Daryl felt sad all of a sudden, washed with the sense of deeply rooted loss. These things must have been true for them to hurt him the way that they did. But it was like he was trying to hold on to the details of a really good dream as it slipped away when he woke.
“I remember hugging her and being happy. I was so, so, so happy. The happiest I’ve ever been in my life” He continued through the lump in his throat. “And I remember hugging her and being sad. She was sad too.”
As he spoke, things fell into place, ordering themselves neatly in his mind. And he grew quieter, knowing he still couldn’t fill in all the gaps.
“And she told me something very important, but I don’t remember what she said. Or what she looked like. Or how she talked. Or the way she laughed.” Daryl shrugged sadly. “There’s nothing there.

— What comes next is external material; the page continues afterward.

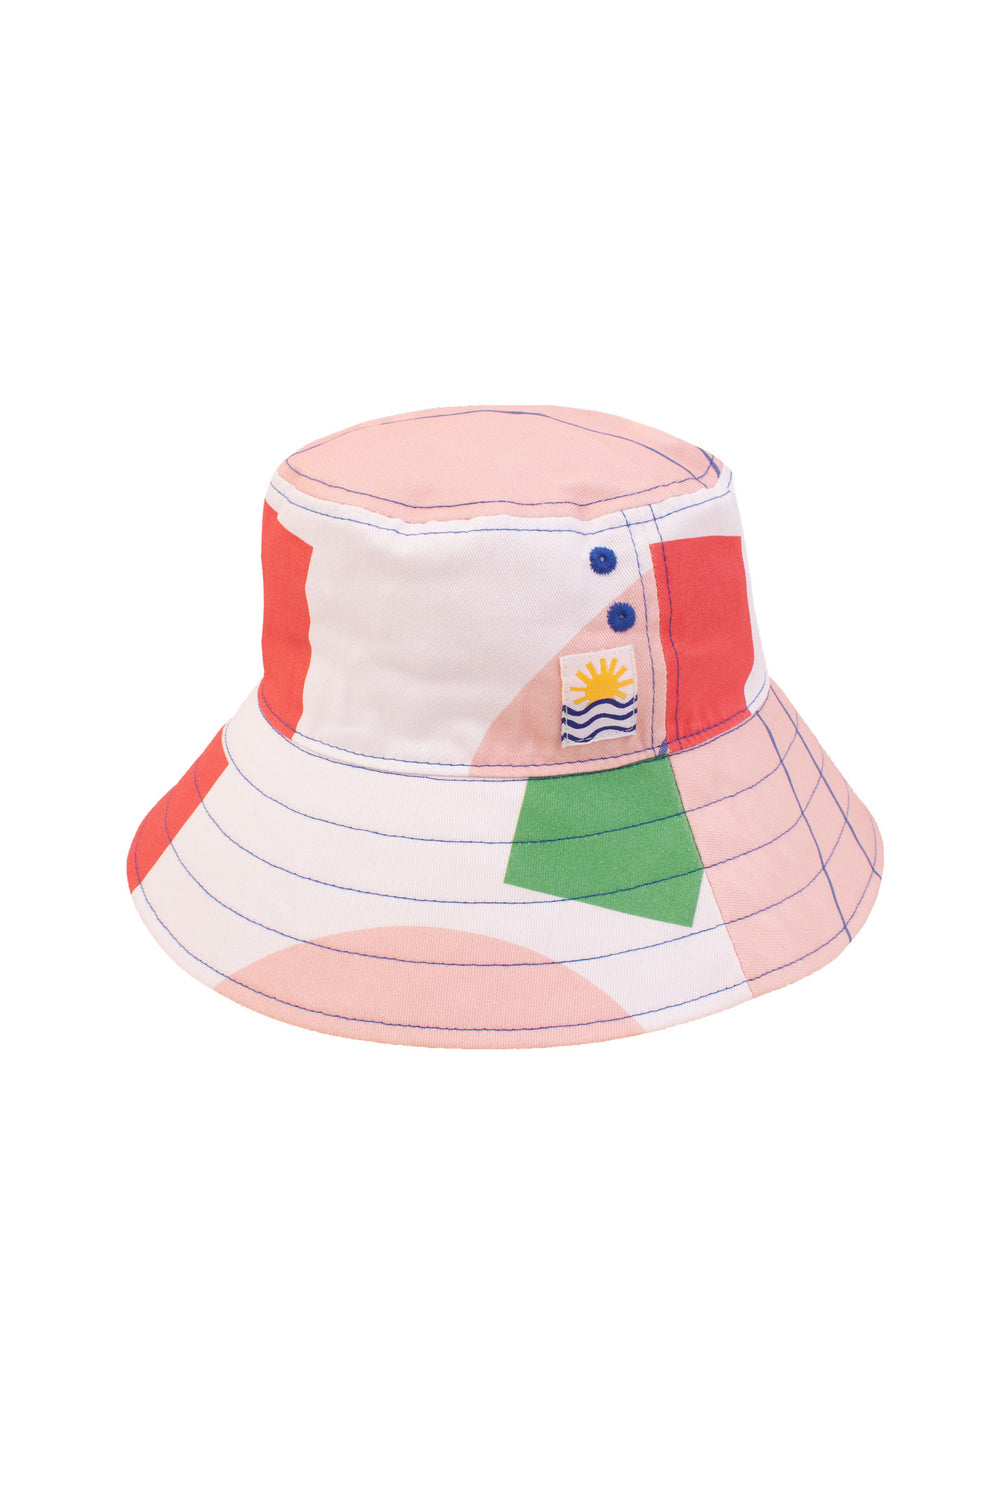 L.F Markey Mega Print Bucket Hat
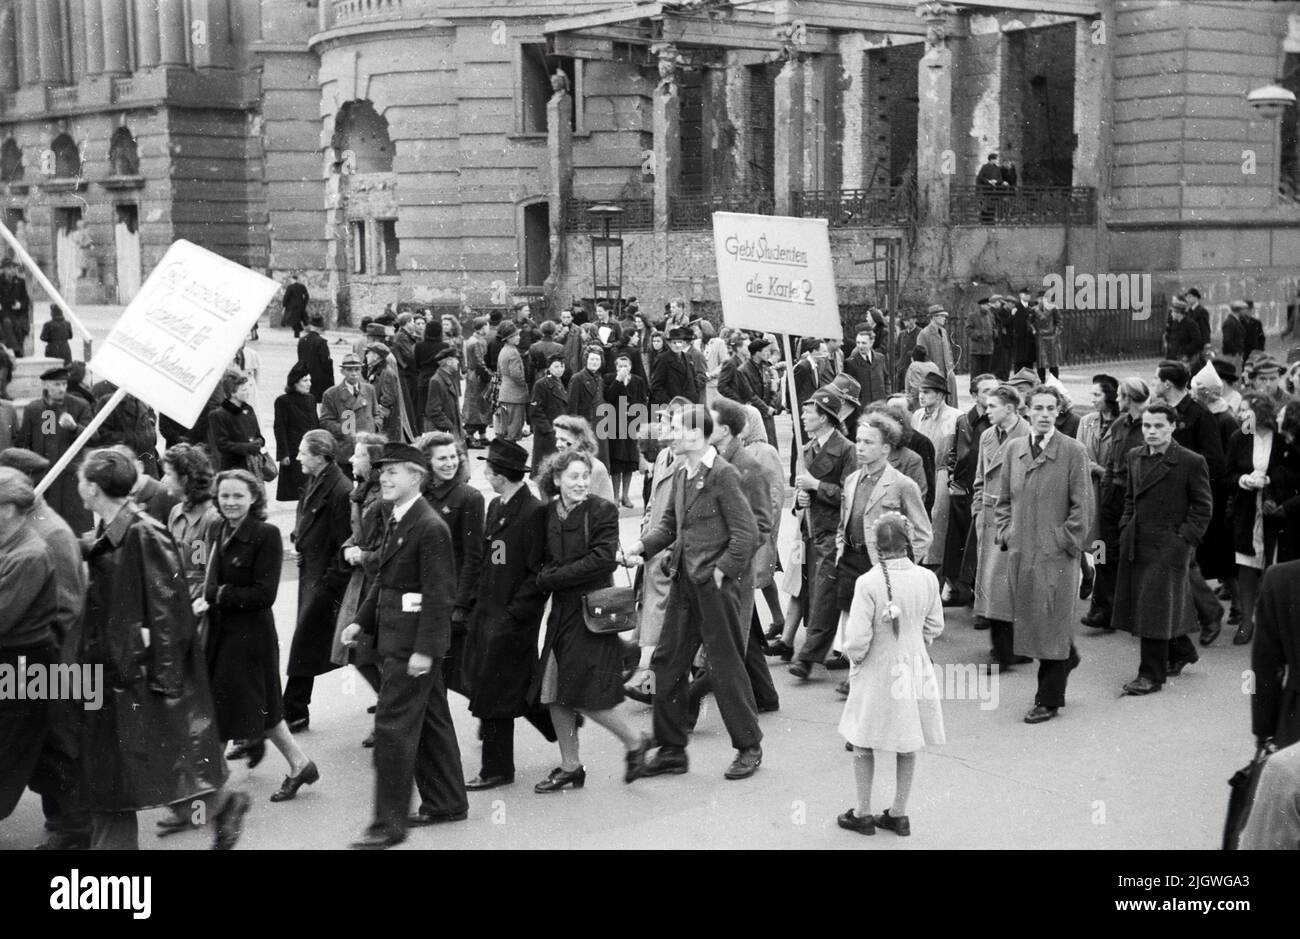 Maifeier Berlin 1947 - Demonstrationszug bei der Feier zum 1. Mai vor der Alten Bibliothek am Bebelplatz a Berlino, Germania 1947. Foto Stock

It all just gone.”
“Are you going to go looking for her?” The woman asked gently, entranced by the way he spoke about Carol
“I’m gonna try. One day.” Daryl nodded firmly.“But she could be anywhere. She could be anyone.”
“She could be me.” The woman smirked and Daryl snorted out a small grunt of laughter at this strangers absurd attempt of humour
“There’s one thing I do know about her, just one thing.” Daryl assured with a shake of his head. “If I loved her as much as I think I do, and I met her again, I would absolutely know it was her.”
“That’s pretty romantic.” Smiled the woman with the short grey hair as she played idly with the twine around her wrist. “I’m sure she loved you, too.”